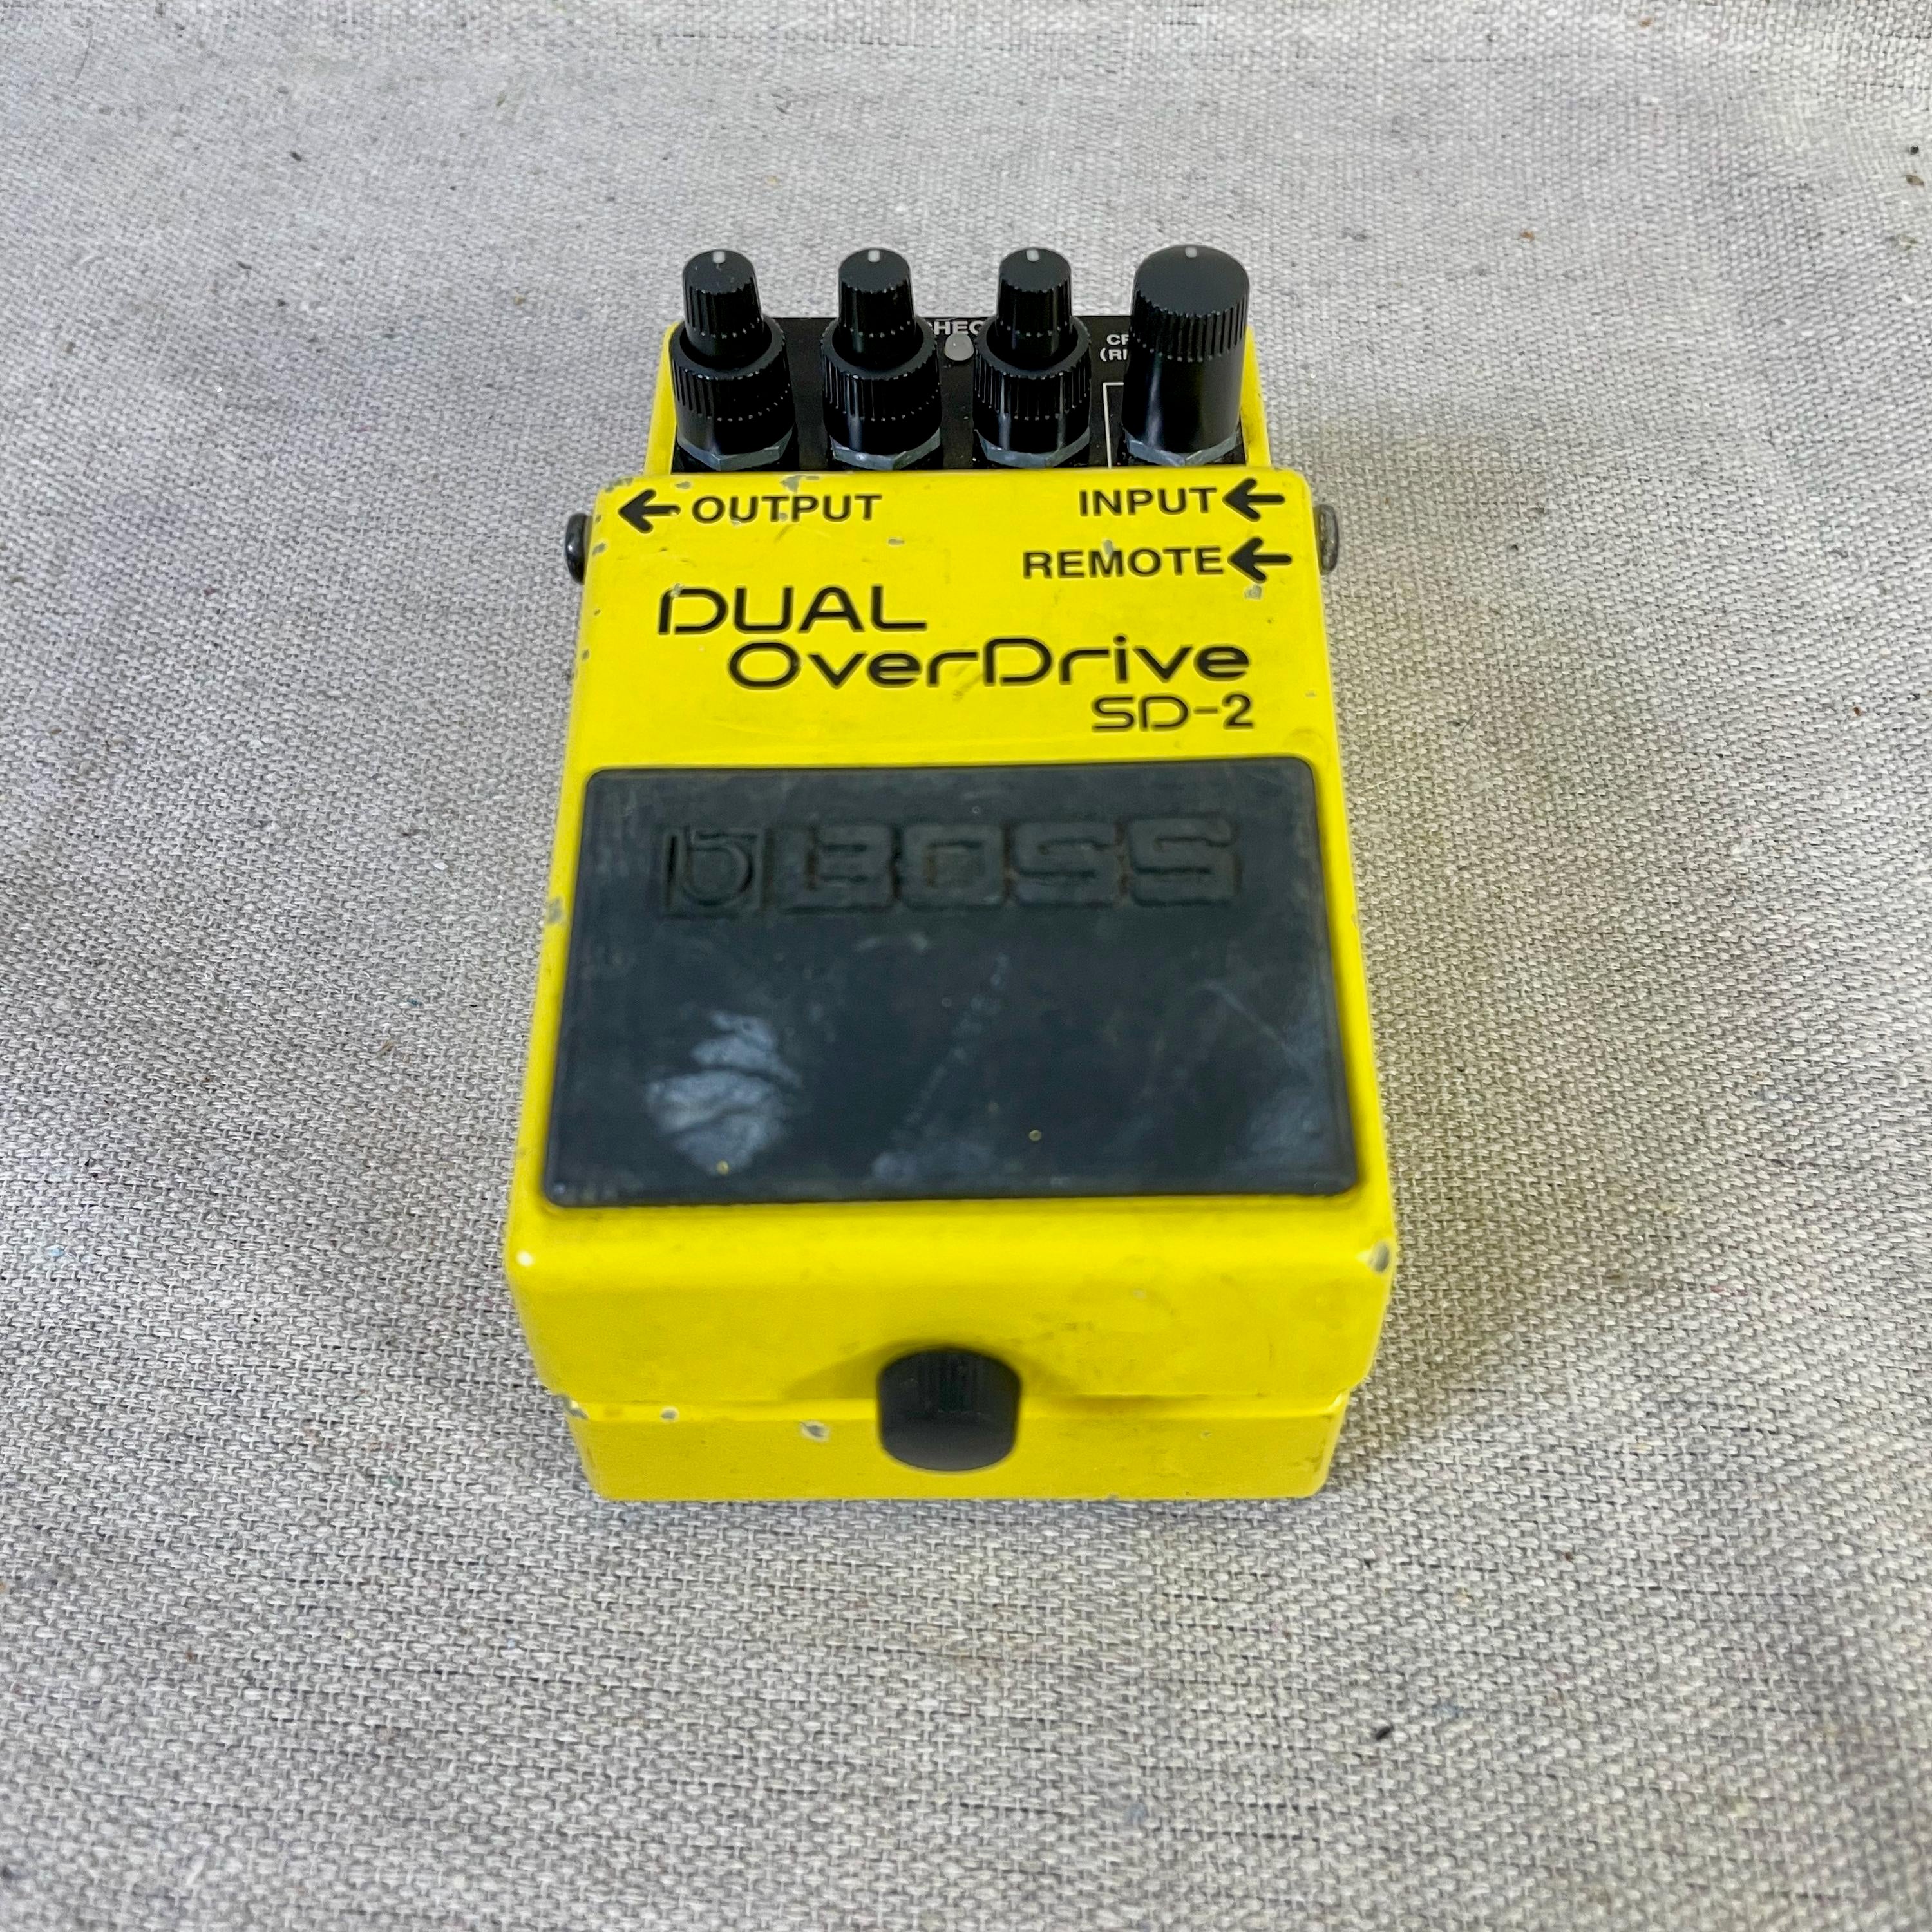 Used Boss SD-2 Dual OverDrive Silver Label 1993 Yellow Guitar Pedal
...
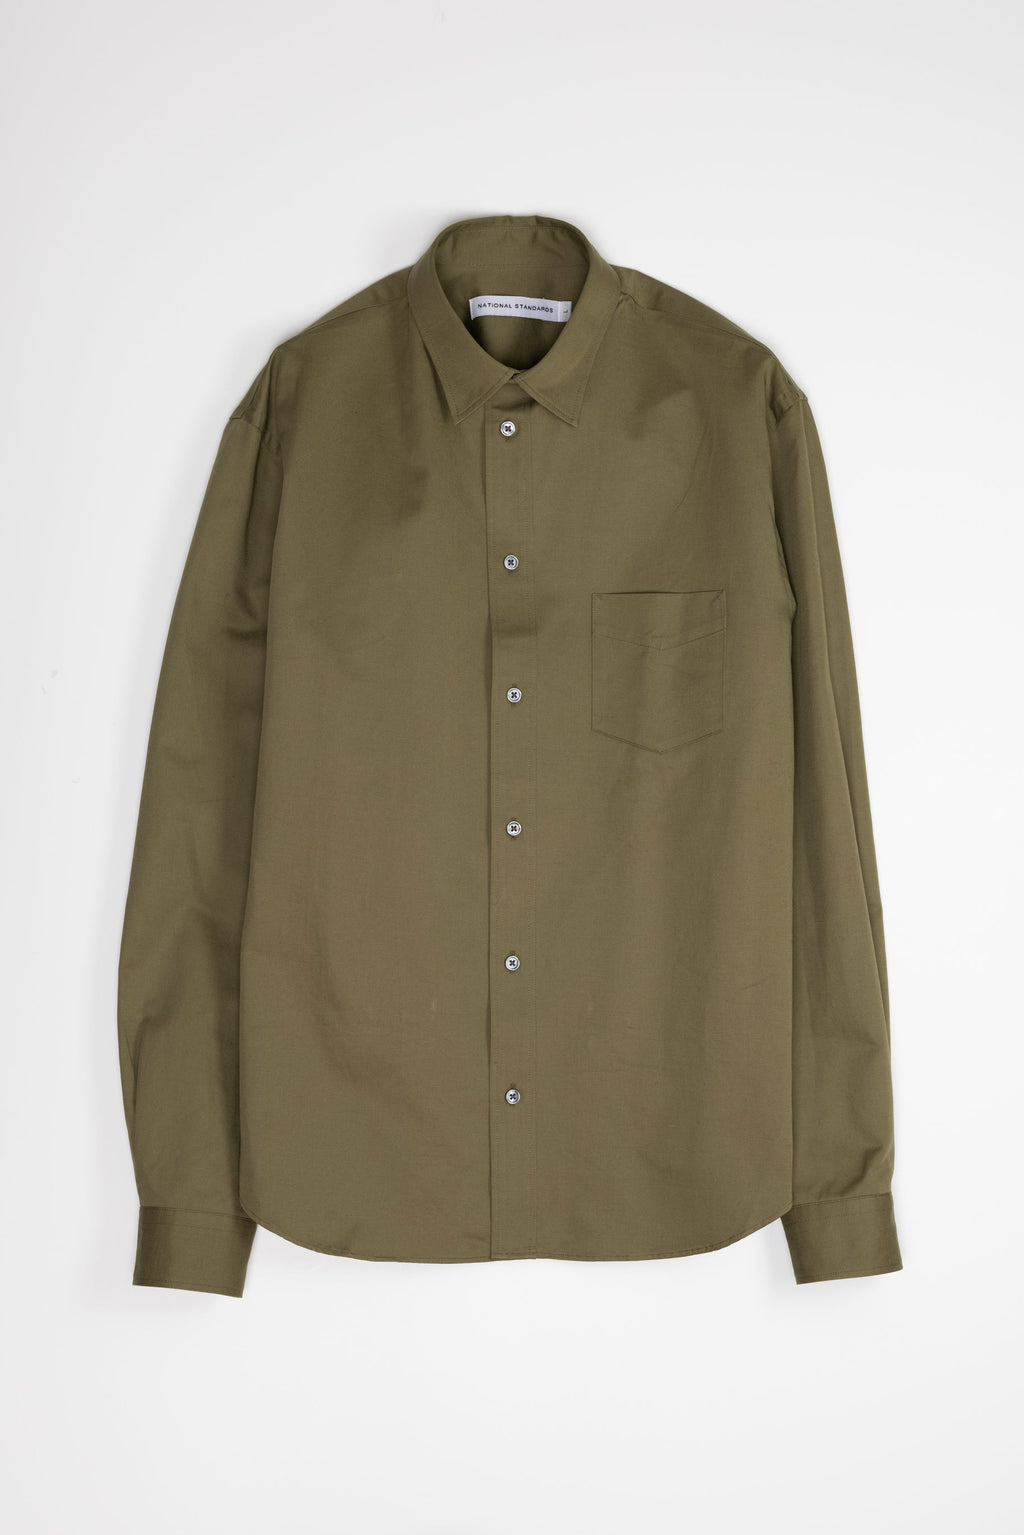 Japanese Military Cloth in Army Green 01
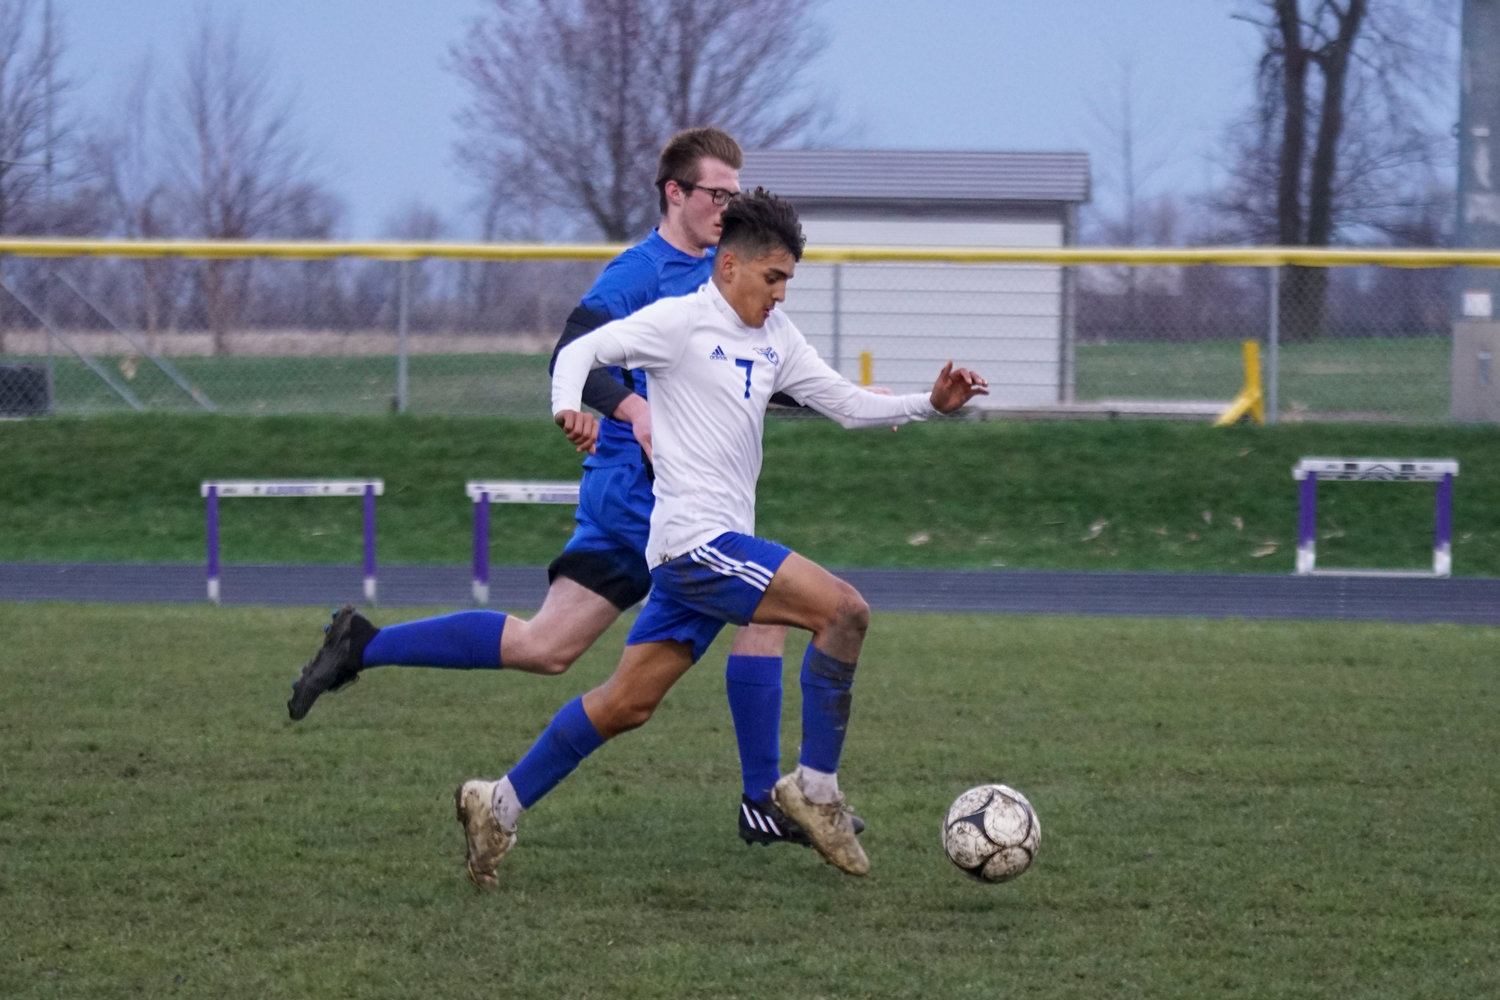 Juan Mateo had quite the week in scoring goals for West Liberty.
* * *
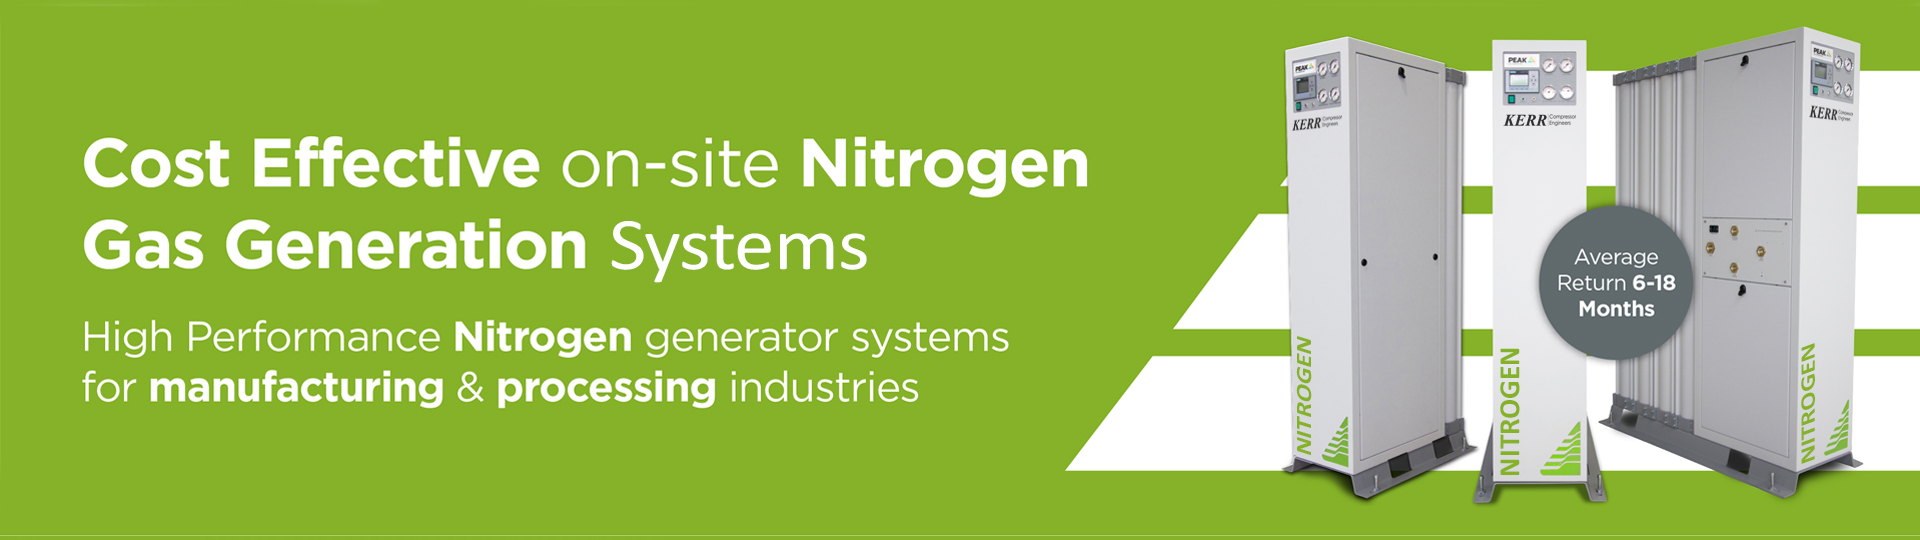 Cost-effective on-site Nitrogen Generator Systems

**What is required**. Copy out the lines above from the line containing "Japanese Military Cloth in Army Green 01" through the line containing "Juan Mateo had", exactly, and keep the pictures out.

**Answer space**.
 Japanese Military Cloth in Army Green 01
 Juan Mateo had quite the week in scoring goals for West Liberty.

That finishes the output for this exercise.